### [TRY IT]
The expected output is the full data, repeated exactly, without pictures.

======== STORED DATA ========

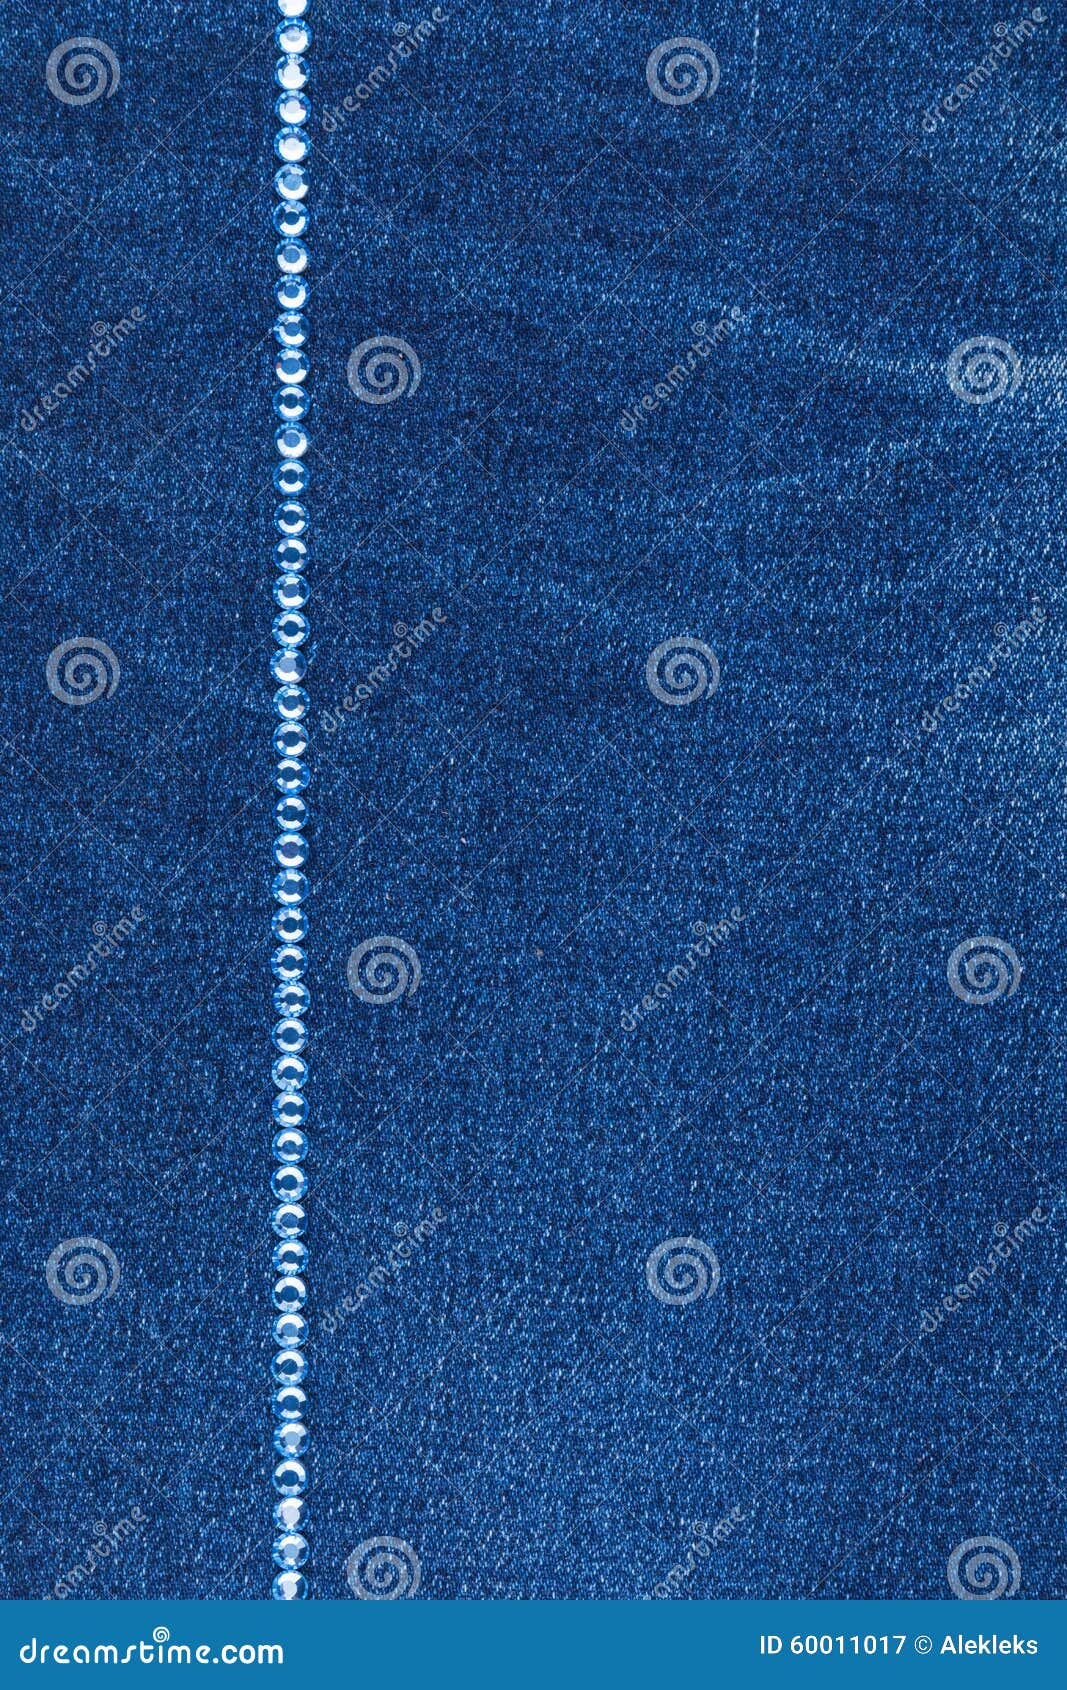 Fashionable Background, Jeans and Blue Rhinestones Stock Image - Image ...
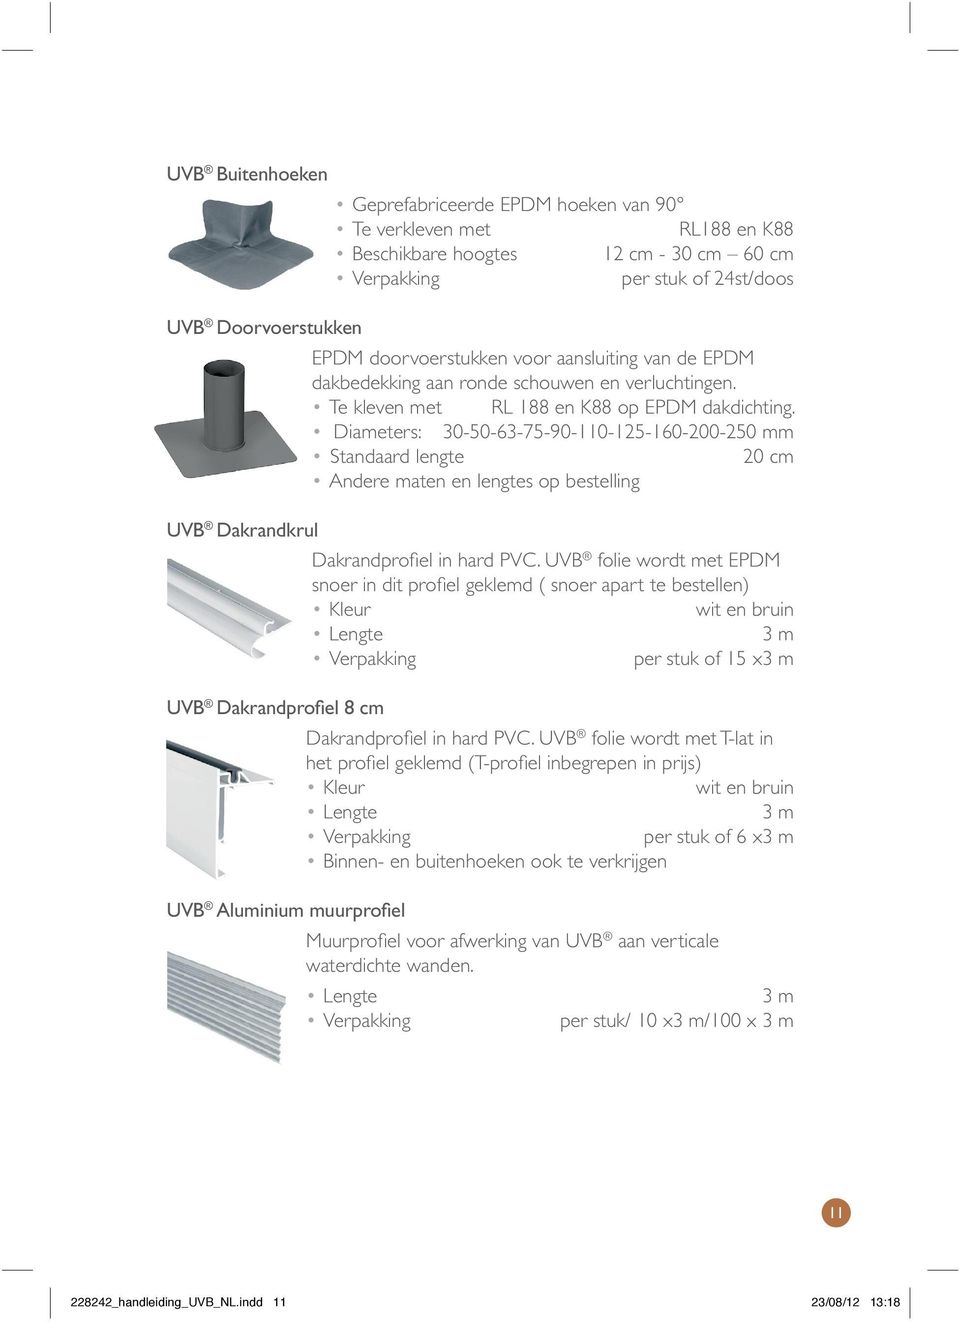 Diameters: 30-50-63-75-90-110-125-160-200-250 mm standaard lengte 20 cm andere maten en lengtes op bestelling Dakrandprofiel in hard PVC.
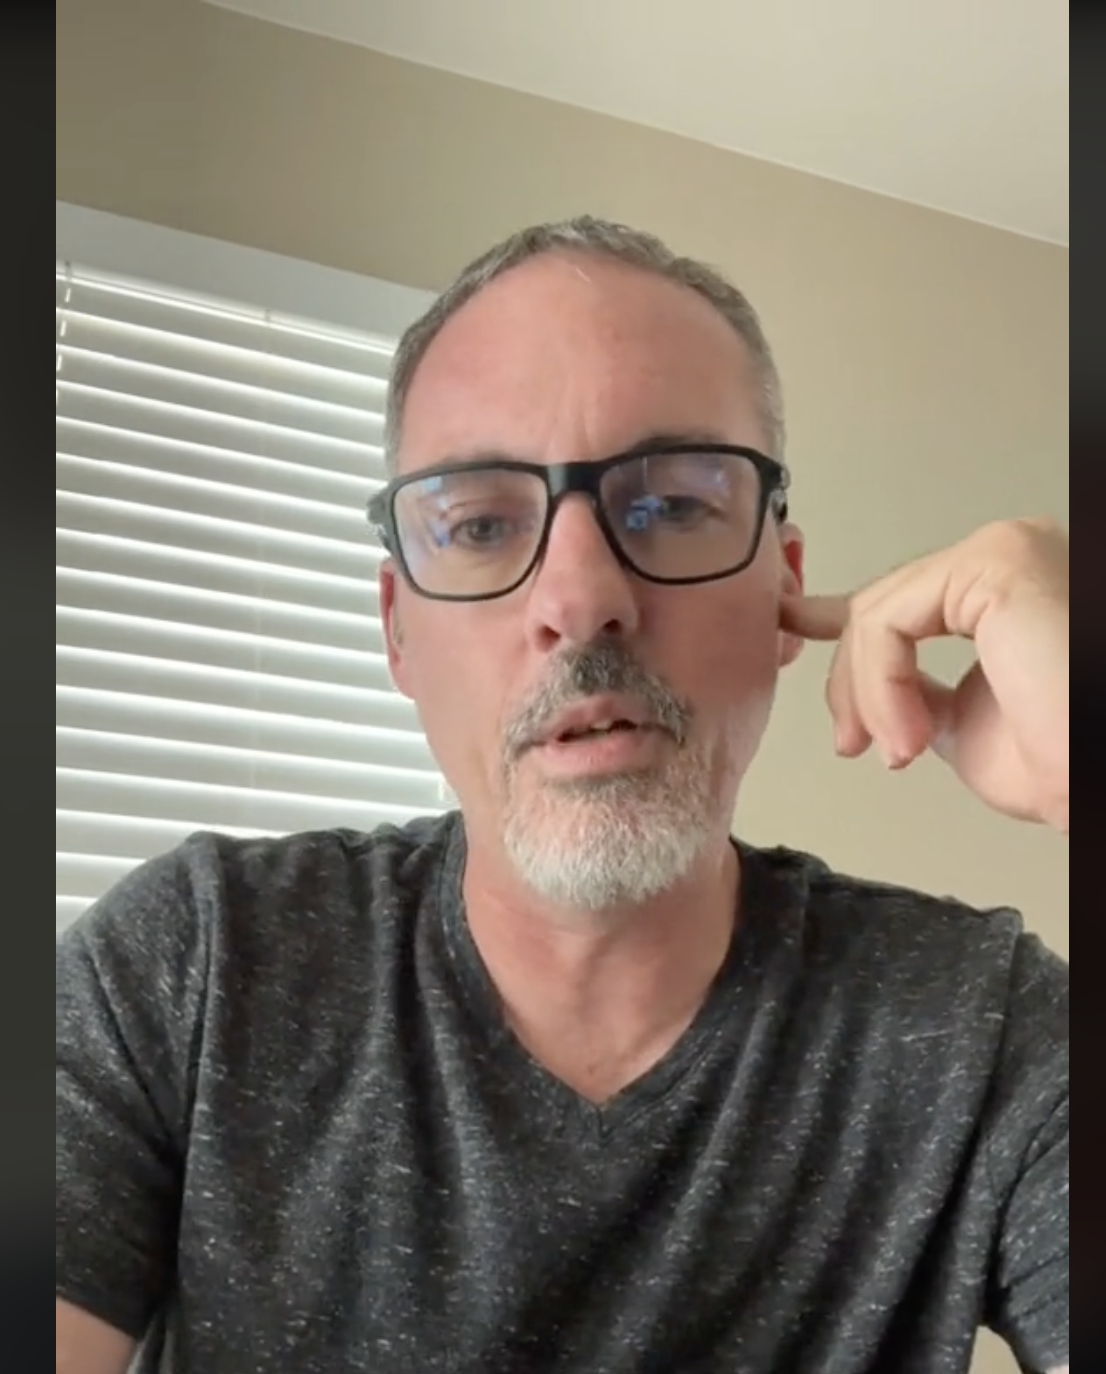 Christian compartiendo su experiencia de pesadilla en una cita, como se ve en un vídeo del 10 de septiembre de 2022 | Foto: TikTok/christiannollinger

========

### [ANSWER TO THE EXERCISE]
 Fashionable Background, Jeans and Blue Rhinestones Stock Image - Image ...
 Diameters: 30-50-63-75-90-110-125-160-200-250 mm standaard lengte 20 cm andere maten en lengtes op bestelling Dakrandprofiel in hard PVC.
 Christian compartiendo su experiencia de pesadilla en una cita, como se ve en un vídeo del 10 de septiembre de 2022 | Foto: TikTok/christiannollinger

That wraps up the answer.